David Beckmann announced that a recent Bread for the World survey showed that 83% of the American public wants the U.S. government to support the effort to halve global poverty by 2015–and is willing to pay $50/person annually to accomplish it. He said that $4 billion in additional and effective poverty reduction assistance ($1 billion more from the United States) would ensure reaching that goal, and he added that he is hopeful both the Bush administration as well as Senator Jesse Helms (R-NC) will be open to this initiative. "We need institutional reforms, too, said Beckmann, "but money is a clear sign of will to alleviate this problem."

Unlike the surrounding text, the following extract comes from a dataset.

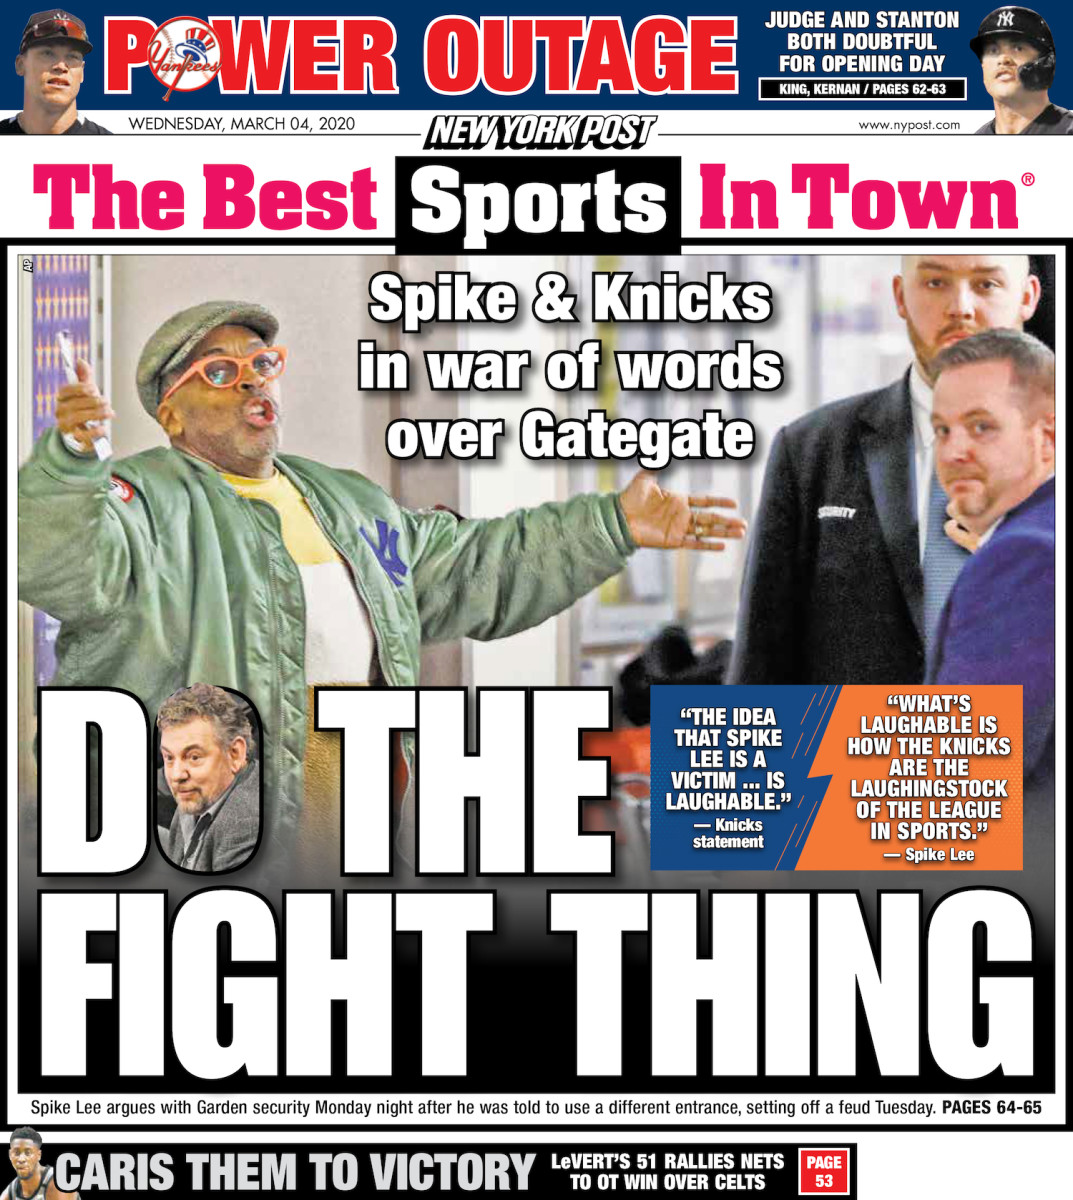 Spike Lee Rocks Up To A New York Knicks Game Dressed Like A Women's Handbag

Rajul Pandya Lorch called the IFAD report the clearest and most compelling report to date on rural poverty and how to eradicate it. However, she was pessimistic–given the intractability of global rural food insecurity–that the Millennium Summit goal could be reached. Pandya Lorch noted that food insecurity is entrenched in Asia and has doubled in sub-Saharan Africa since the 1970s. She also cited urbanization, HIV/AIDS, and globalization as major developments that could block poverty eradication efforts.

"Looking for Openings"

Responding to audience questions, Beckmann said that the IFAD report's proposals were entirely consistent with President Bush's platform of "compassionate conservatism." And he defended his openness to working with Senator Helms, saying that Helms' staff members have told him the Senator wants to reform the U.S. Agency for International Development, not eliminate it. "I'm hopeful, not optimistic," said Beckmann. "We're looking for openings."

George McGovern echoed Beckmann's optimism and added that there has never been a better time to launch an effort to eradicate poverty. McGovern said that, while $16 billion in productivity is lost annually because of world hunger, $6-8 billion yearly would end it. "There is a real possibility that the kind of interesting common sense proposals heard today could be sold to the U.S. government and my UN colleagues," added McGovern.

All participants agreed with Pandya Lorch that, while foreign aid is welcome, the real goal is agricultural self-sufficiency for developing countries. She added that there must be a strong element of community participation from the beginning in any new program of agricultural assistance. Wesley of IFAD said that the report will be presented to aid-recipient countries precisely to generate such self-initiative. Beckmann concluded by lauding the IFAD report's case studies highlighting programs that increased productivity and political empowerment for the world's poor. He said that groups representing the poor must push from below for poverty reduction strategies that are not business as usual.